When Judge Jules Deschênes hands down his judgment, Laurin steps up. “This is the first manifestation of the constitutional coup perpetrated by Ottawa,” recounts the late Jean-Claude Picard in his biography of the minister. The Canadian Constitution had been ratified in April 1982, and only a few weeks later, the lawyers of Quebec find themselves pleading around a text, article 23 on education for linguistic minorities, which has not yet undergone the test of the courts.

“This is the first charter case pleaded by Quebec,” recalls Jean K. Samson, who headed the Quebec lawyers at the time. “How do you manage to defend a law which, a priori, does not comply with the Charter! “, he launches this week. Quebec decides to plead the “reasonableness” of the Quebec clause, looks at European law, evokes collective rights.

Mr. Samson was surprised neither by the verdict nor by the tone adopted by magistrate Deschênes.

We had pleaded for a few days. As soon as we talked about collective rights, he exploded.

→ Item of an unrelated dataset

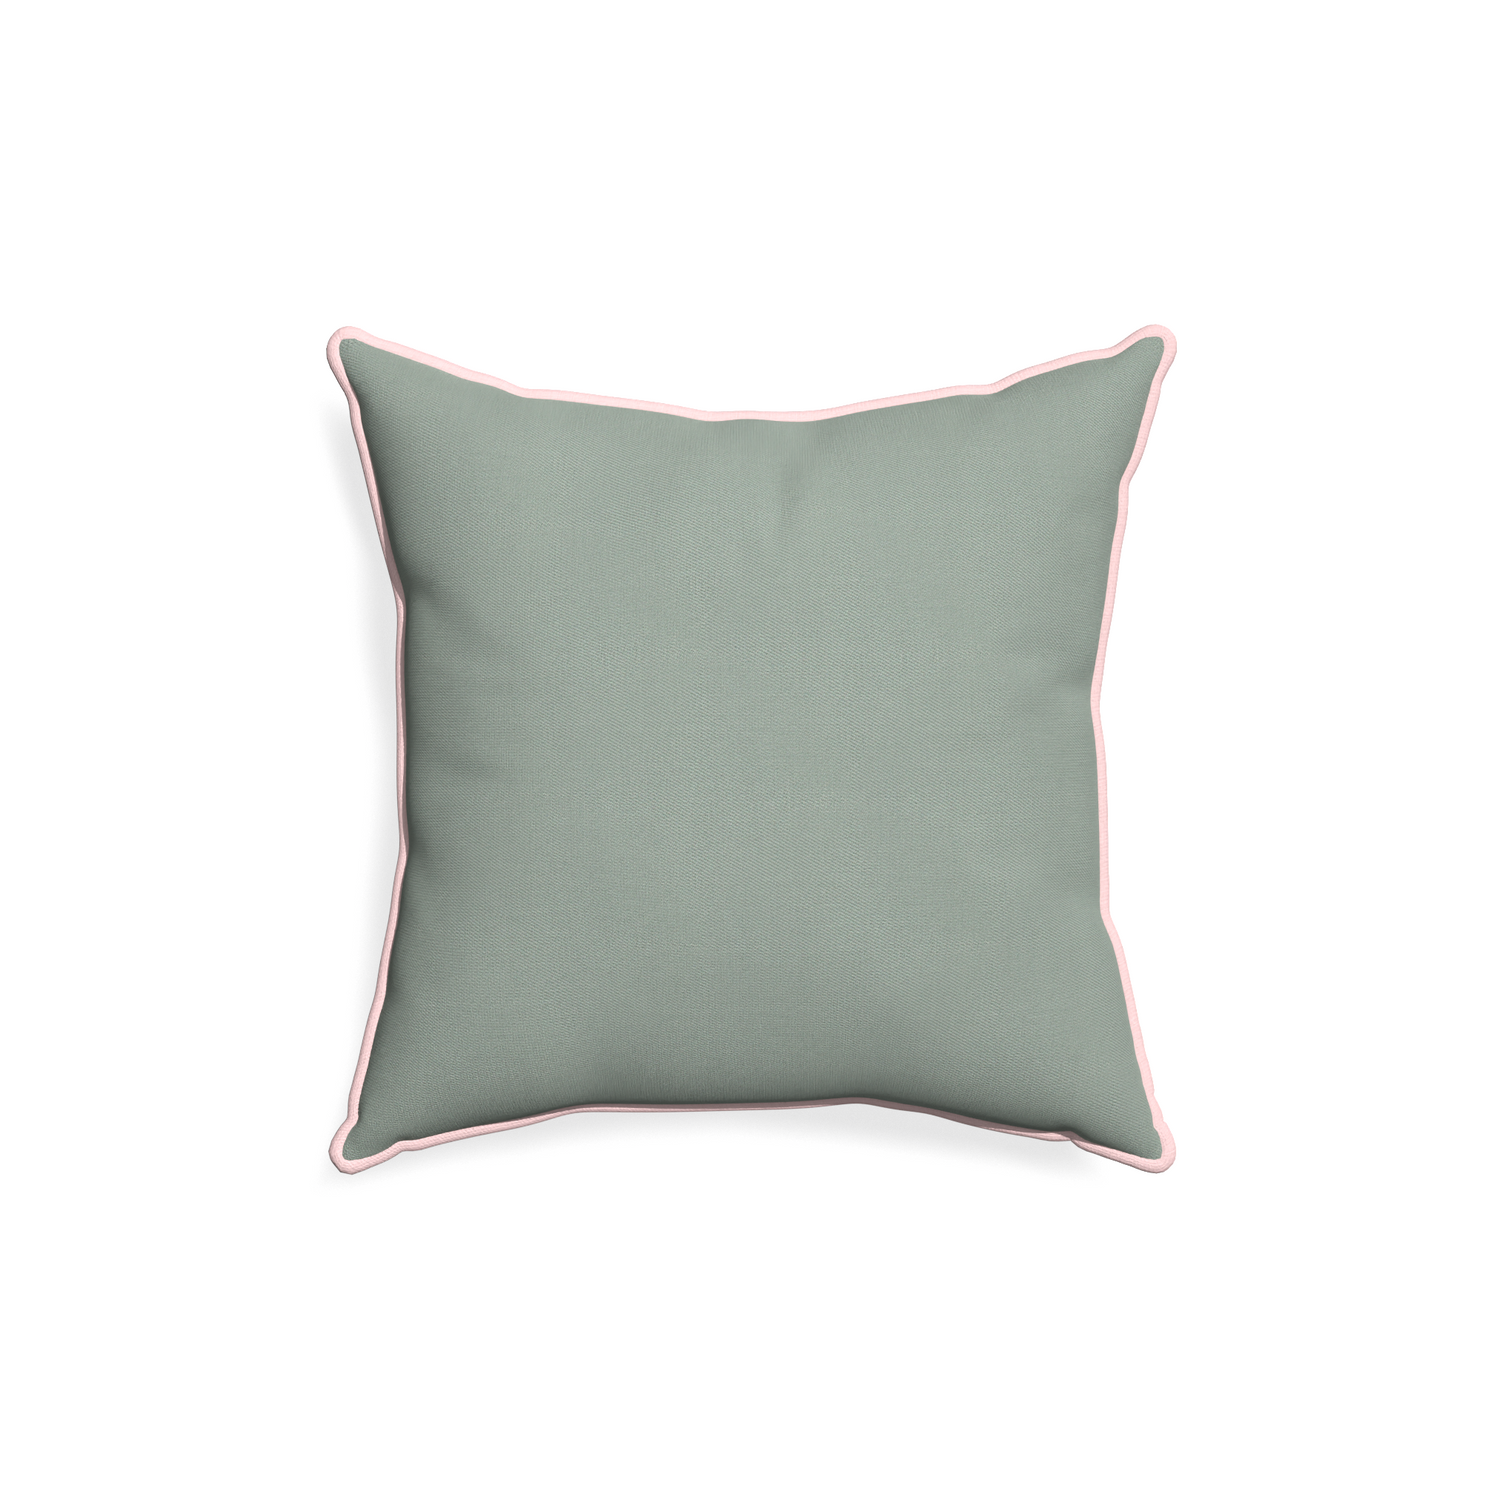 18-square sage custom sage green cottonpillow with petal piping on white background

He accused us of imitating the USSR. His decision was predictable.

Jean K. Samson, about Judge Jules Deschênes

Law 96

Already at the time, M.e Julius Gray was the lawyer for those who opposed Bill 101. “Today, Bill 96 does not affect the issue of schools,” observes Mr.e Grey, a sign in his opinion that the legislator was well advised. “The Quebec clause created barriers to movement between the provinces,” said the jurist. “The courts have made it possible to improve the law and I am proud to have contributed to it”, he summarizes.

Four decades have passed. A doctor in constitutional law, Frédéric Bérard did his thesis on linguistic issues. In the debate on secularism, he will be a vehement advocate of individual rights. But, according to him, it is different when the defense of the language is at stake. “I am not a big fan of collective rights, but we must not forget that Quebec is necessarily a linguistic minority in an English-speaking ocean, that it can adopt means to ensure its survival,” explains Mr. Bérard.

Quebec Clause? Canada Clause? “We must remain calm, we are talking about about 80 students per year who can enroll in the English-speaking sector in Quebec. That’s two high school classes! “, illustrates Mr. Bérard.